Contudo, mesmo que historicamente a influência dos EUA na relação bilateral com o Brasil seja inegável, os dados atuais mostram que essa assimetria tem sido cada vez menos gritante. Economicamente, por exemplo, a balança comercial entre os dois países manteve um equilíbrio nos últimos anos. Os Estados Unidos são o segundo parceiro comercial brasileiro, ficando atrás apenas da China. Já o Brasil fica em 15º no ranking de relações bilaterais americanas.
Em 2024, as exportações brasileiras para a terra de Donald Trump somaram 40,3 bilhões de dólares (R$ 243 bilhões), de acordo com o Ministério do Desenvolvimento, Indústria, Comércio e Serviços (MDIC). No movimento contrário, o volume foi bem similar, com as importações americanas no Brasil atingindo 40,5 bilhões bilhões de dólares (R$ 244,2 bilhões).
Ou seja, o saldo é positivo para os Estados Unidos. Mas essa diferença no ano passado foi de 253,3 milhões de dólares (R$ 1,53 bilhão), valor que pode ser considerado um equilíbrio nessa relação, aponta a professora Carolina Pedroso, do curso de Relações Internacionais da Universidade Federal do Estado de São Paulo (Unifesp).
"A balança comercial é muito equilibrada, por isso, não se vê tanto mais essa assimetria. Em outros tempos, haveria desbalanceamento – o Brasil importava muitos produtos de valor agregado e exportava os de baixo valor", diz ela.

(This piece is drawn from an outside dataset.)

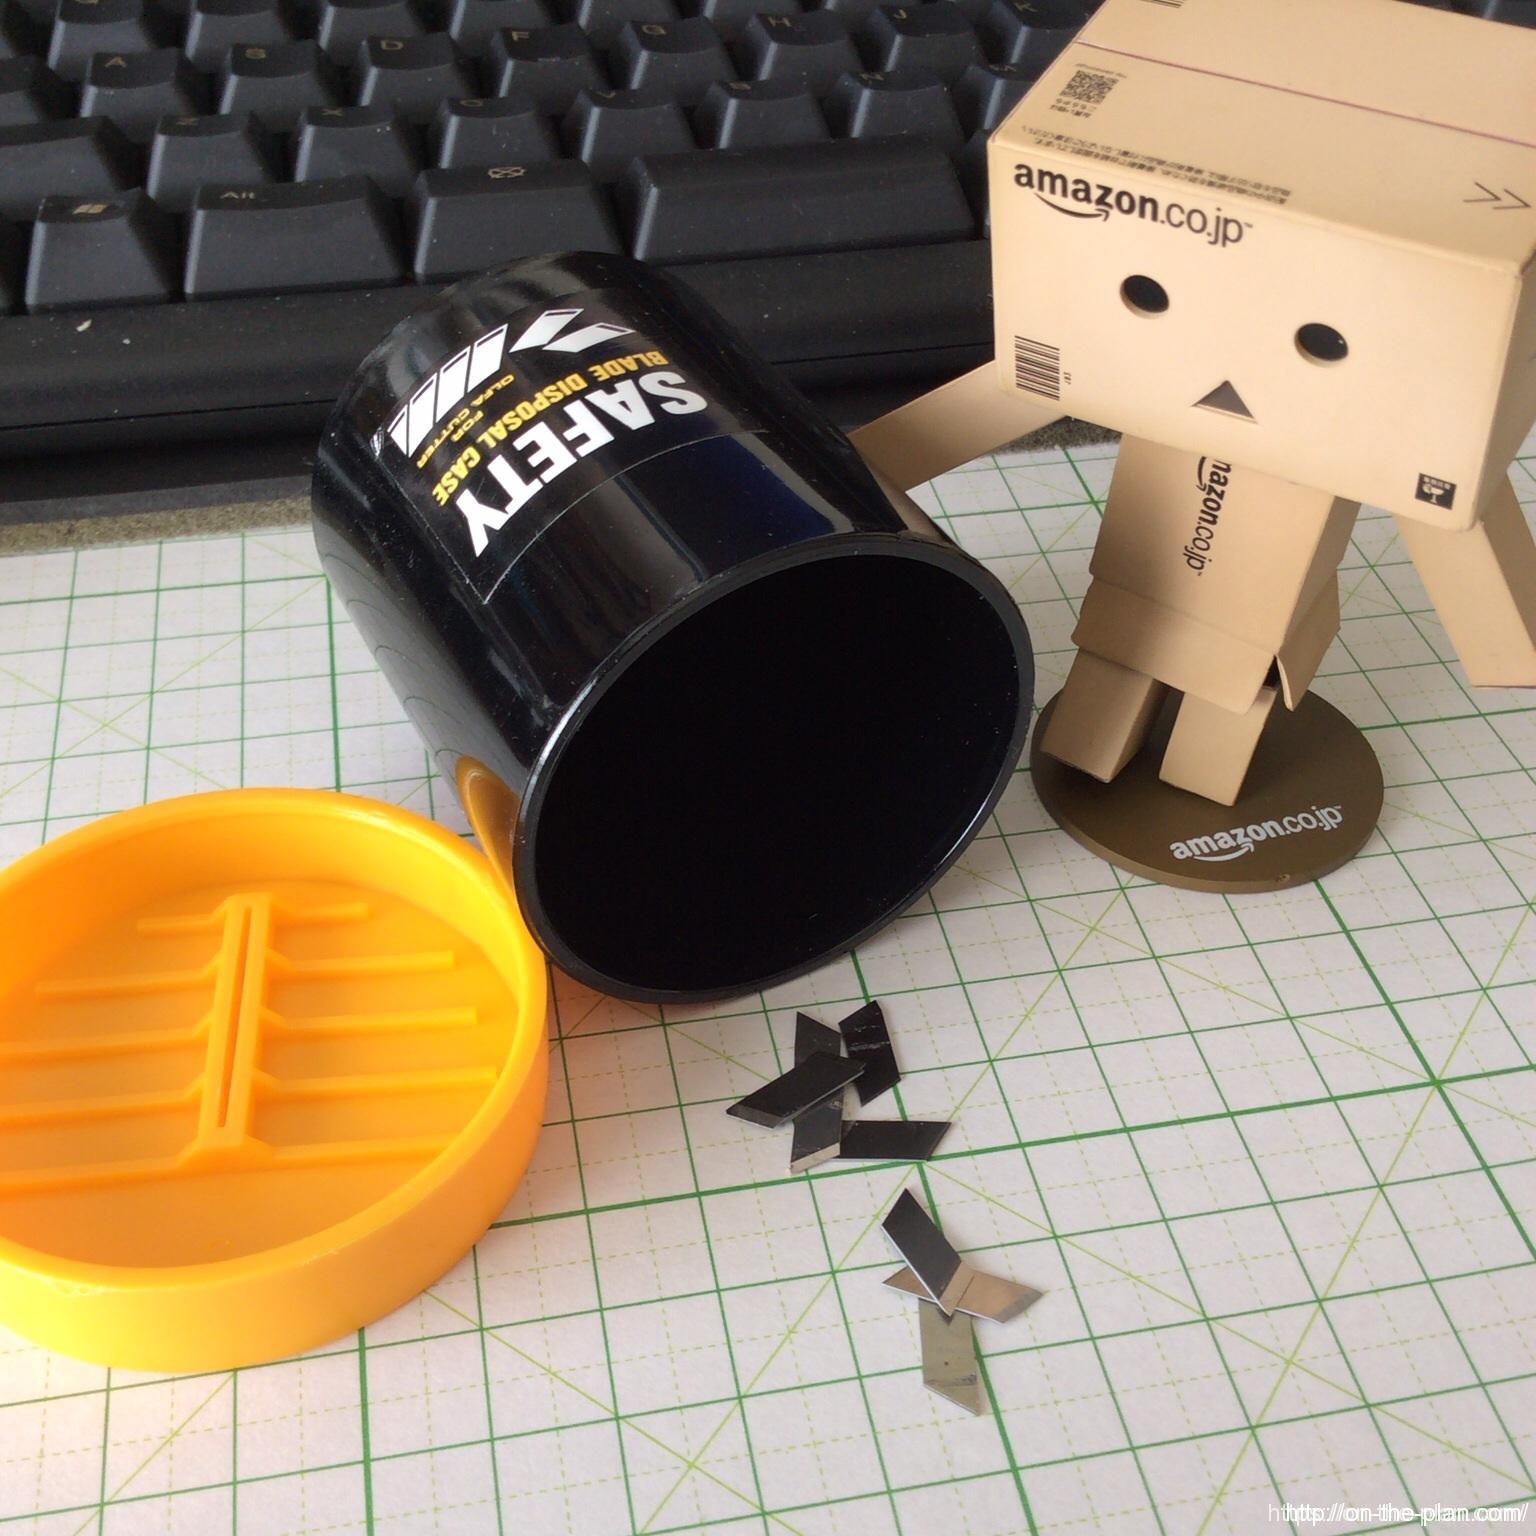 【カッター】折った刃を安全に捨てる「オルファのポキ」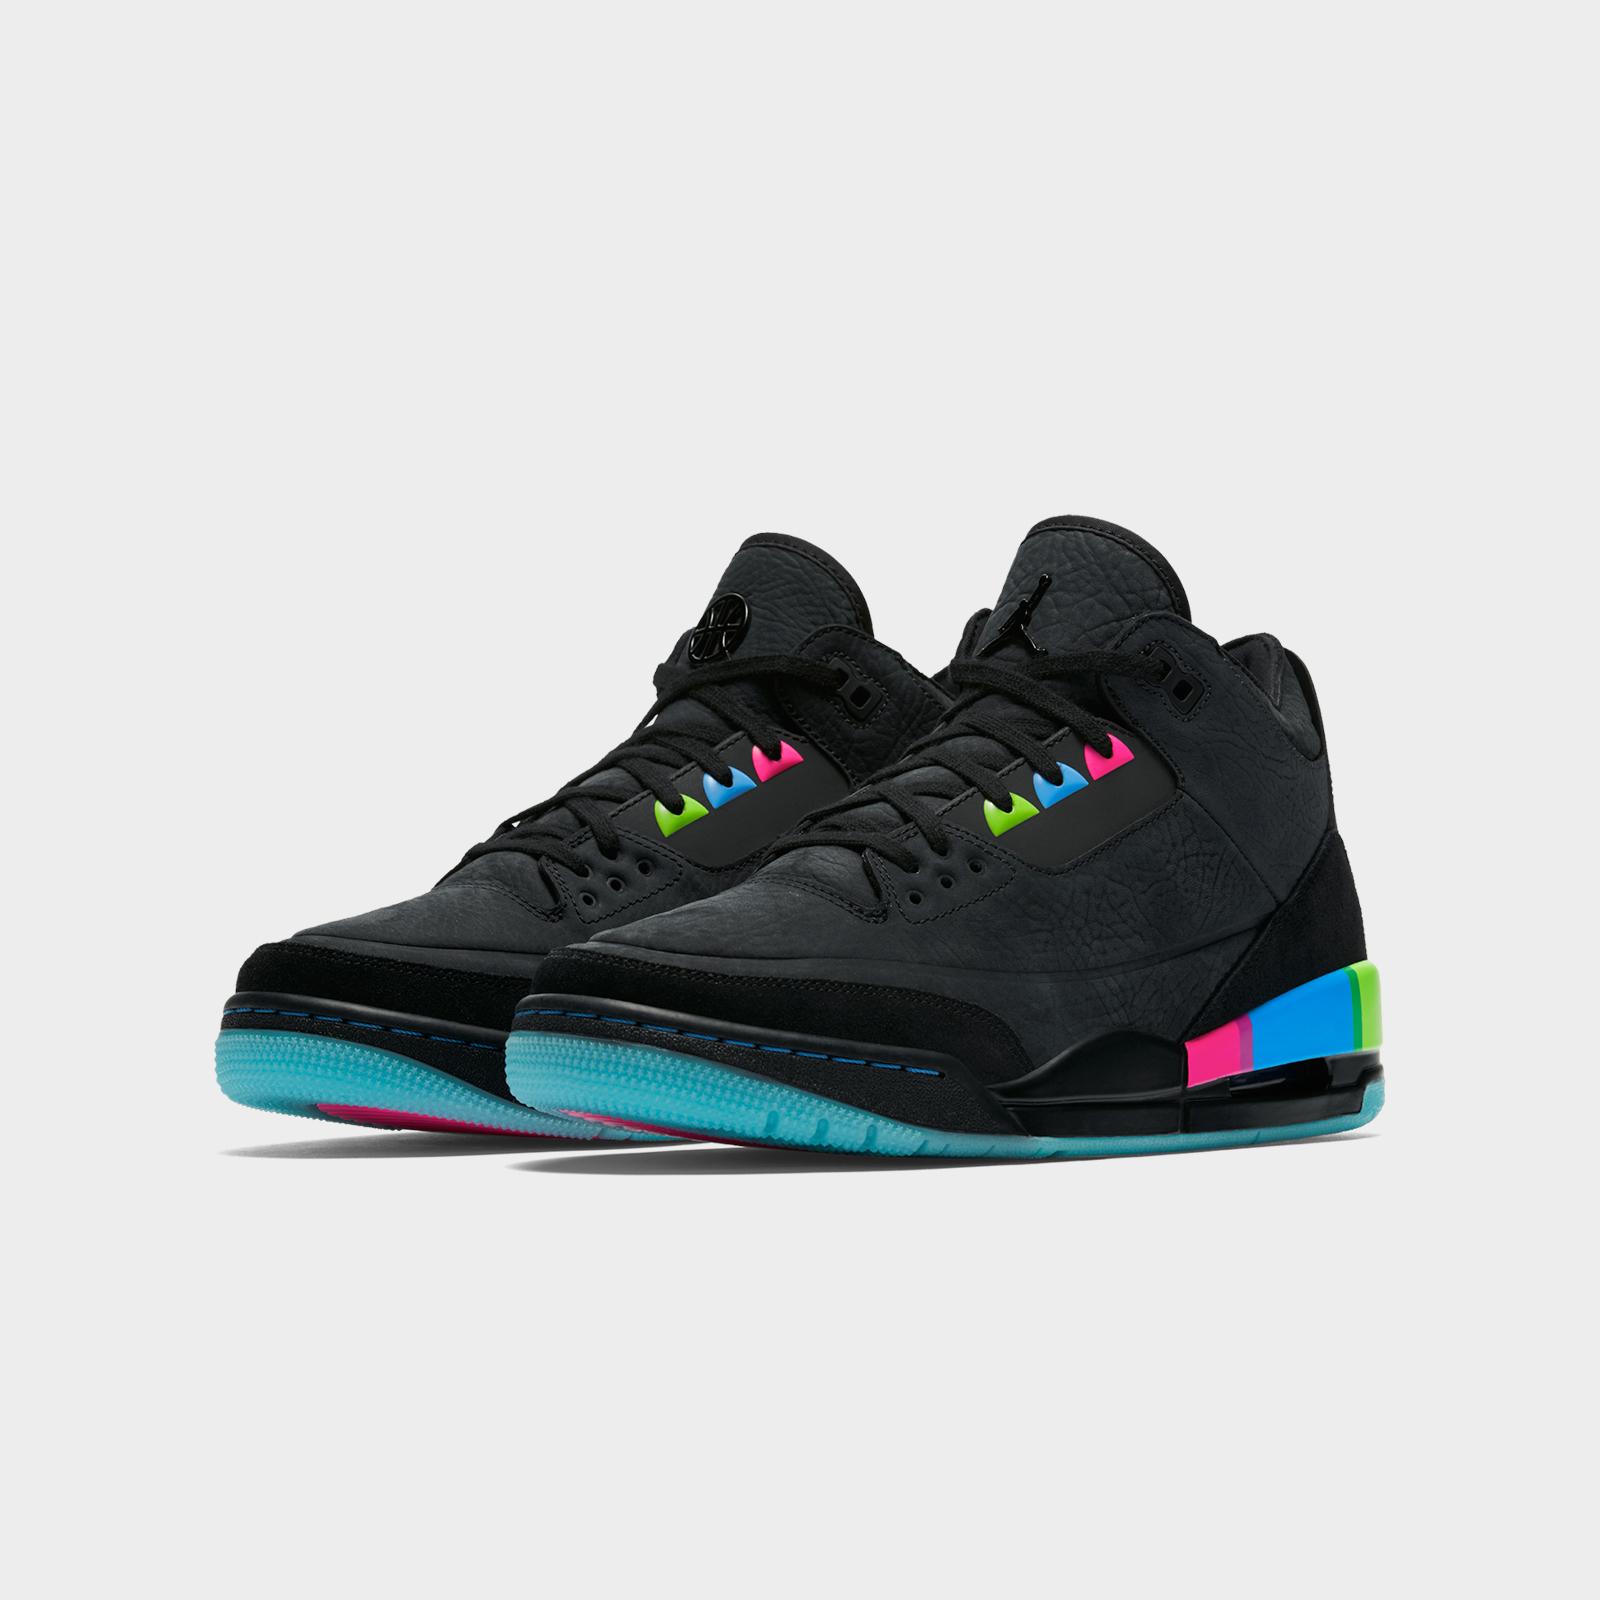 1bbb4ad56920f3 Jordan Brand Air Jordan 3 Retro Se Q54 - At9195-001 - Sneakersnstuff ...

"Hoje, exportamos para os EUA produtos primários, sim, como café e petróleo. Mas também celulose, aço e aeronaves. São produtos que têm alto valor agregado e tecnológico", complementa Pedroso. No ano passado, a indústria brasileira foi responsável por 78% dessas exportações, de acordo com Câmara Americana de Comércio para o Brasil (Amcham Brasil). Por outro lado, o Brasil também compra principalmente produtos de alto valor agregado dos Estados Unidos, com 15% das importações sendo de motores e máquinas não elétricas.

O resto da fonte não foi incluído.